The only member of the San Diego Congressional delegation to vote “yes” on the plan was Duncan Hunter (R-50), who sang the bill’s praises. “This has been long overdue. I cannot think of a more important action we can take to invest in our economy, create jobs and promote business growth than cutting taxes for American workers and reforming a broken code.”
Also coming down the pike is the FCC’s repeal of the Obama administration’s rules referred to as “net neutrality,” that guarantee an open, unrestricted internet. Instead, Trump’s FCC wants to allow internet service providers (ISPs) to decide what we have access to and how fast access speeds will be for certain content. It will allow ISPs to favor content that they own, while throttling down or outright blocking access to websites of their choosing.
In 2014 and again in 2015, Scott Peters introduced legislation that would make permanent the rules that guarantee a free and open exchange of ideas via the internet. “Strong net neutrality protections must be in place to maintain a truly open and free internet,” Peters said in a press statement. “The changes announced by [FCC] Chairman Pai would undermine protections that level the playing field for consumers and small businesses.”

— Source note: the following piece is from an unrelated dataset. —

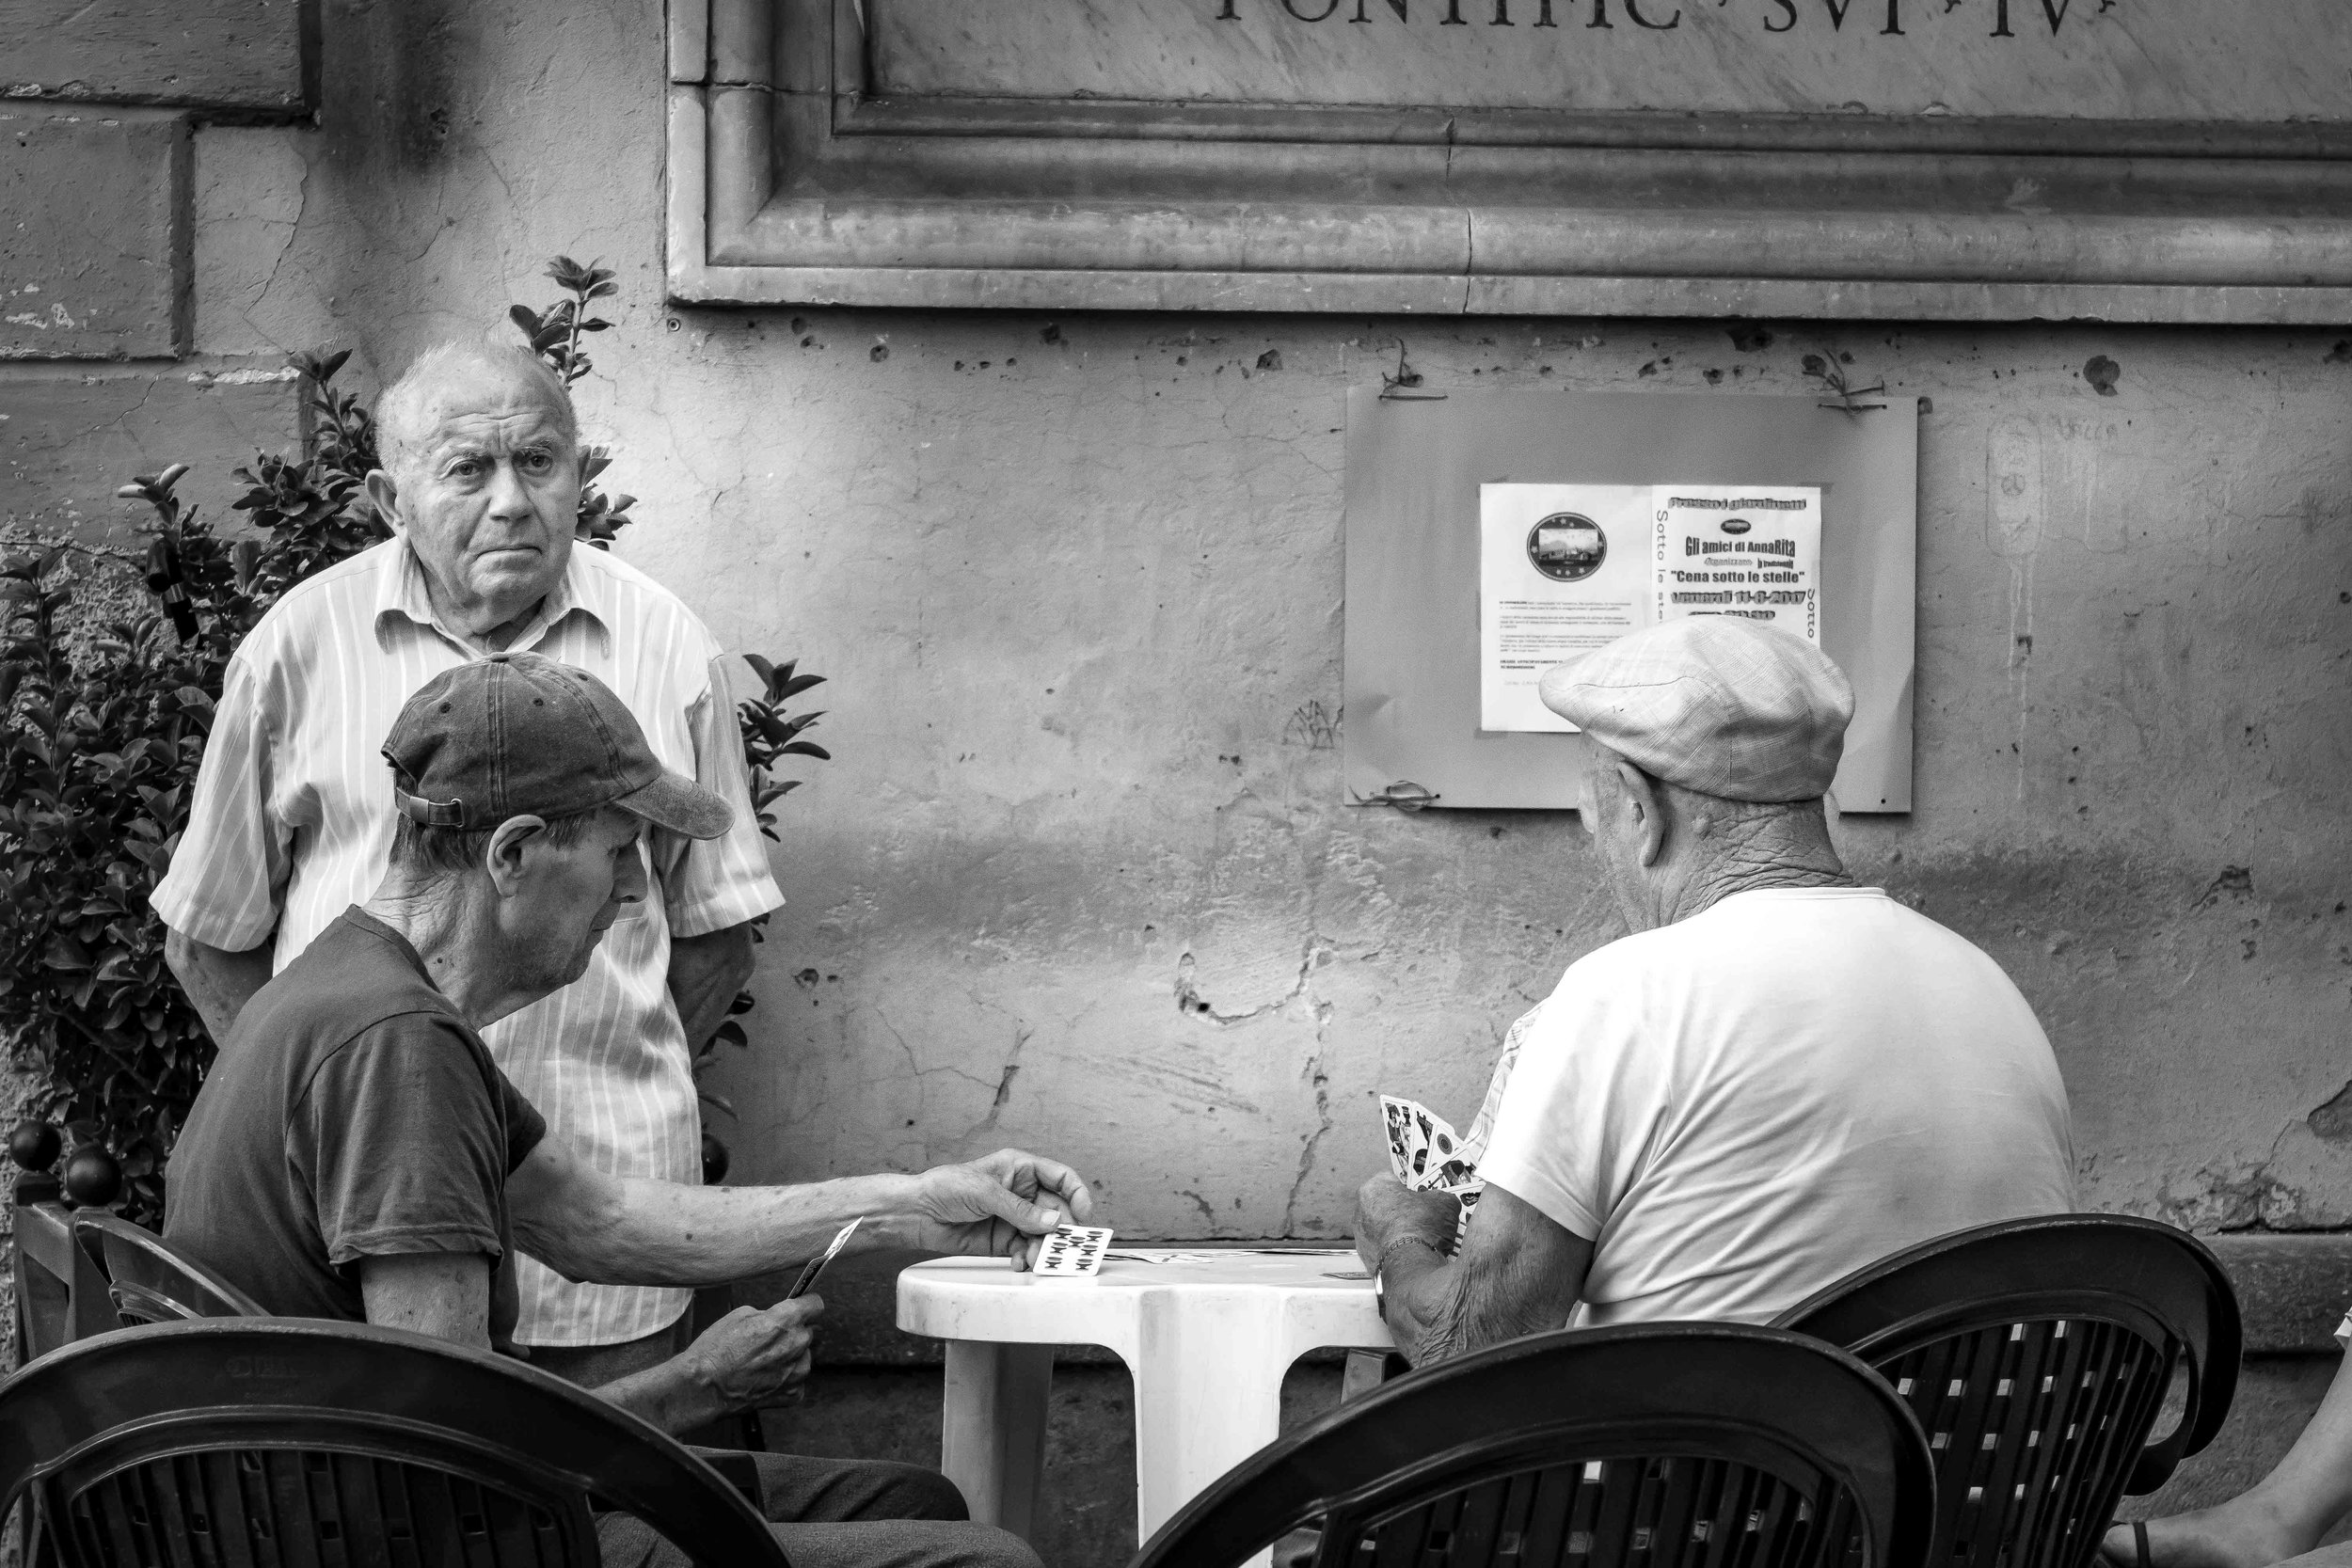 viewfinder-straatfotografie-oude-mannen-in-Collevecchio-4.jpg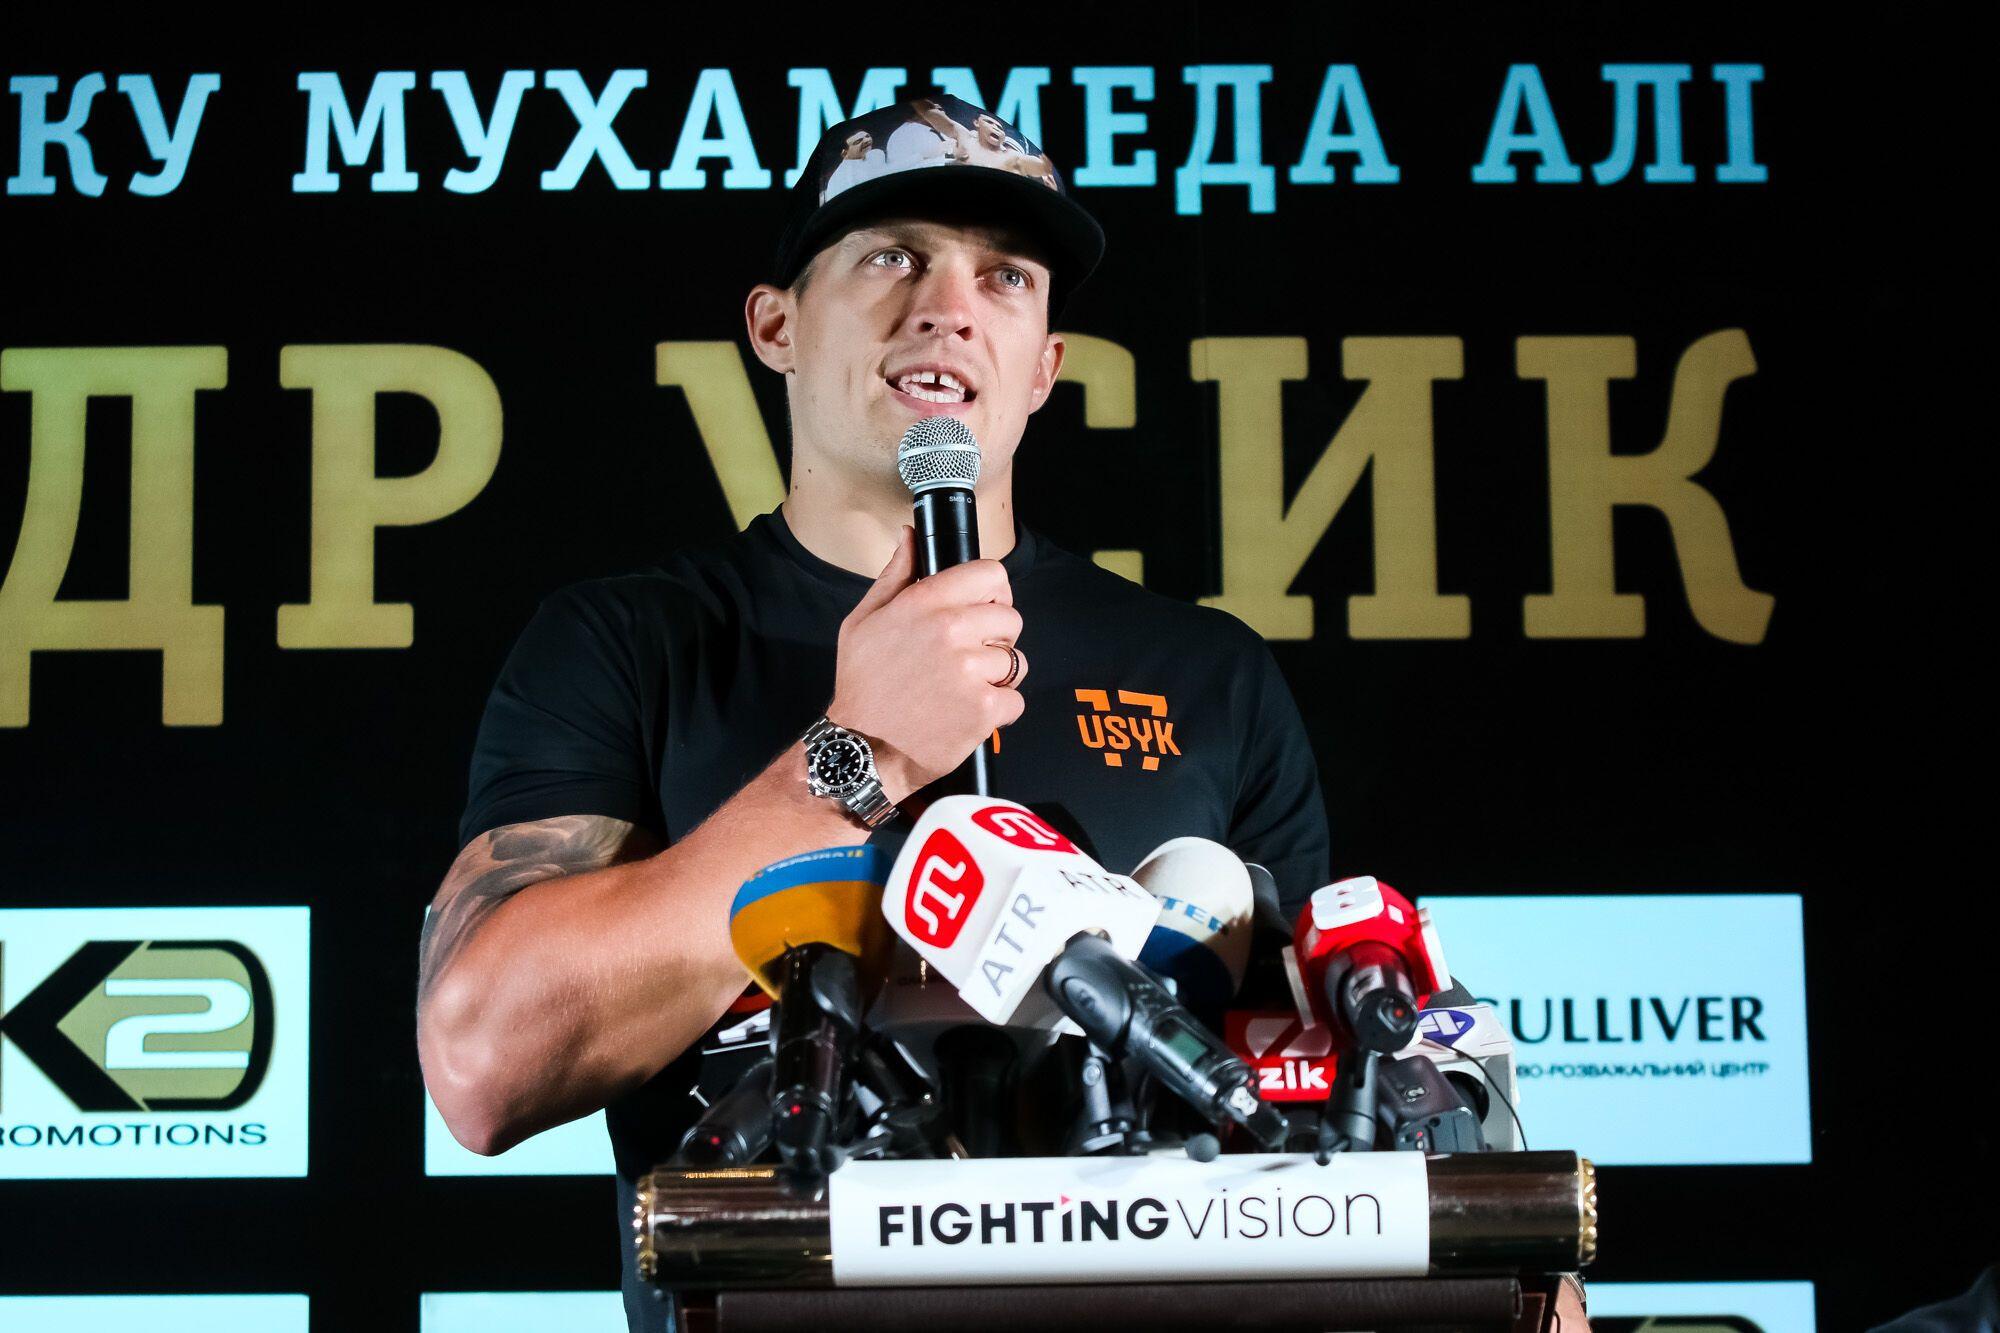 K2 Promotions Ukraine

Rep. Peters believes “Congress should do its job and make net neutrality the rule of law, not subject to the whims of whomever is the most recently appointed FCC chair,” said a spokesperson for Peters via email.
Back in 2015, when the current neutrality rules were installed, Rep. Issa blasted the policy, insisting that it would stifle future innovation. In fact, the opposite is true: Maintaining an open internet, where ISPs cannot determine what content consumers have access to, is vital to innovation. Giving ISPs control over what content we see will lead to less innovation due to a lack of access.
Issa, you may recall, also voted in favor of a bill in April that allows ISPs to sell information on what websites their customers visit, including online purchases they’ve made.